The information below comes from the statement of deficiencies compiled by health inspectors and provided to AHCJ by the Centers for Medicare and Medicaid Services. It does not include the steps the hospital plans to take to fix the problem, known as a plan of correction. For that information, you should contact the hospital, your state health department or CMS. Accessing the document may require you to file a Freedom of Information Request. Information on doing so is available here.

WILLIAM R SHARPE, JR HOSPITAL 936 SHARPE HOSPITAL ROAD WESTON, WV Nov. 16, 2016
VIOLATION: PATIENT RIGHTS: FREE FROM ABUSE/HARASSMENT Tag No: A0145
Based on record review, document review and staff interview it was determined the Chief Executive Officer (CEO) failed to ensure a complaint investigation for abuse was completed in one (1) of ten (10) complaints reviewed for abuse (patient #1). This failure has the potential for all patients who file a complaint of abuse to have a negative outcome.

1. Review of the complaint for patient #1 revealed the patient advocate office completed a complaint investigation but the facility failed to investigate the complaint.

2. Review of the policy titled "Allegations of Abuse and Neglect", last reviewed 3/2014, revealed in part: "The CEO/designee will also assign a hospital staff member(s) to investigate...abuse and/or neglect... the investigation will be complete within fourteen (14) calendar days of the investigation."

3. An interview on 11/15/16 at 1:10 p.m. with the CEO revealed no formal investigation was completed or documented on patient #1's complaint. He concurred with the above findings.
VIOLATION: MEDICAL STAFF BYLAWS Tag No: A0353
Based on record review, document review and staff interview it was determined the hospital failed to ensure a physician completed a physical assessment on one (1) of one (1) patients that complained of an alleged rape (patient #1).
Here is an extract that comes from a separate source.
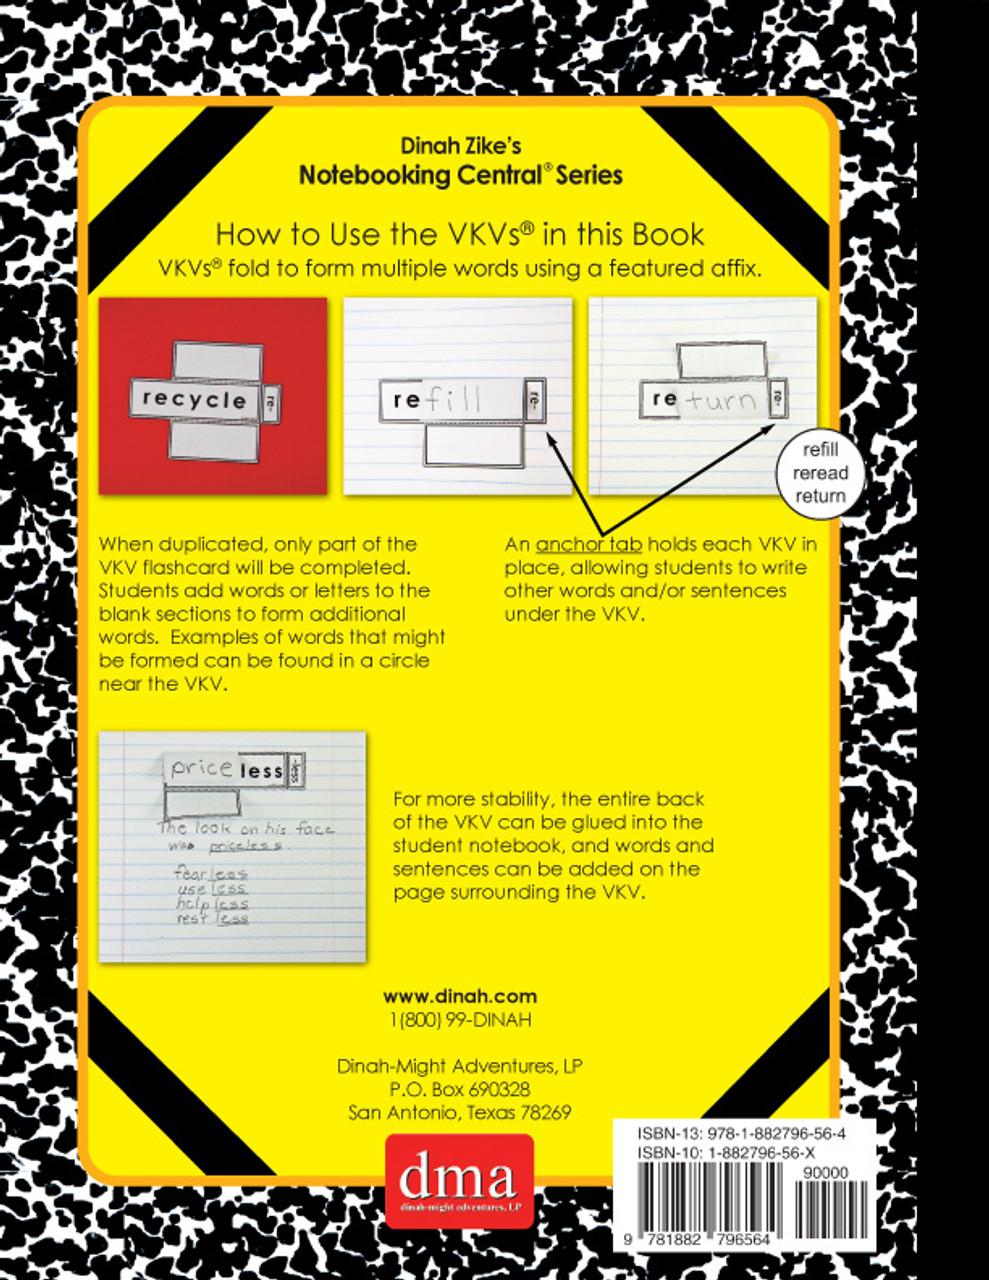 Nc prefixessuffixes oct 15 layout 1 (page 01)

This failure has the potential for all patients who complain of alleged rape to not receive adequate medical treatment.

1. Review of the medical record for patient #1 revealed on 10/31/16 during morning rounds she notified Doctor #1 that she was "raped last night". It further revealed no physical assessment was completed by the physician.

2. An interview was conducted on 11/14/16 at 9:50 a.m. with Doctor #1. When asked if she remembered the incident and if she completed a physical examination of the patient she stated, in part: "I do remember she told me during morning rounds that she was raped during night shift and no I did not complete a physical examination because I felt the patient was being untruthful."

3. Review of the policy titled "Abuse and Neglect", last reviewed 3/2014, revealed it states, in part: "Physical and psychological findings will be placed in the patient's medical record."

4. Review of the hospital by-laws titled "Rules and Regulations Governing Patient Management", last reviewed 10/2016, revealed it states, in part: "Progress notes must include a chronological record of patient's clinical course, including a description of change in the patient's condition."

5. An interview was conducted on 1/15/16 at 9:54 a.m. with the Medical Director. When asked his expectation of a physician completing a physical exam when a patient complains of an alleged rape, he stated, in part: "I would expect a physical exam to be done so you can see the whole picture if it happened or did not happen." He concurred with the above findings.
VIOLATION: RN SUPERVISION OF NURSING CARE Tag No: A0395
**NOTE- TERMS IN BRACKETS HAVE BEEN EDITED TO PROTECT CONFIDENTIALITY**

Based on record review, document review and staff interview it was determined the Director of Nursing failed to ensure nursing staff completed a physical assessment when a patient alleged a rape by a staff member in one (1) of ten (10) medical records reviewed involving a patient complaining of abuse/rape (patient #1). This failure has the potential to negatively affect the health of any patient who complains of an alleged rape.

Findings include:

1. Review of medical record for patient #1 revealed she was admitted on [DATE] with a diagnosis of schizoaffective disorder. During morning rounds on 10/31/16, patient #1 stated to Doctor #1 and Registered Nurse (RN) #1 that she was raped by a male staff member during the night. No physical assessment was completed by RN #1 and no assessment was documented at the time of the incident.

2. An interview was conducted on 11/14/16 at 9:10 a.m. with RN #1. When asked if she remembered the incident and if she completed a physical assessment she stated, in part: "Yes, we were doing morning rounds when she complained of an alleged rape and Doctor #1 did not find the patient to be truthful."

3. Review of the policy titled "Abuse and Neglect", last reviewed 3/2014, revealed it states, in part: "The charge RN... will immediately asses the victim(s) for acute injury...physical and psychological findings will be placed in the patient's medical record."

4. An interview was conducted with the Chief Executive Officer on 11/14/16 at 1:30 p.m. and he concurred with the above findings.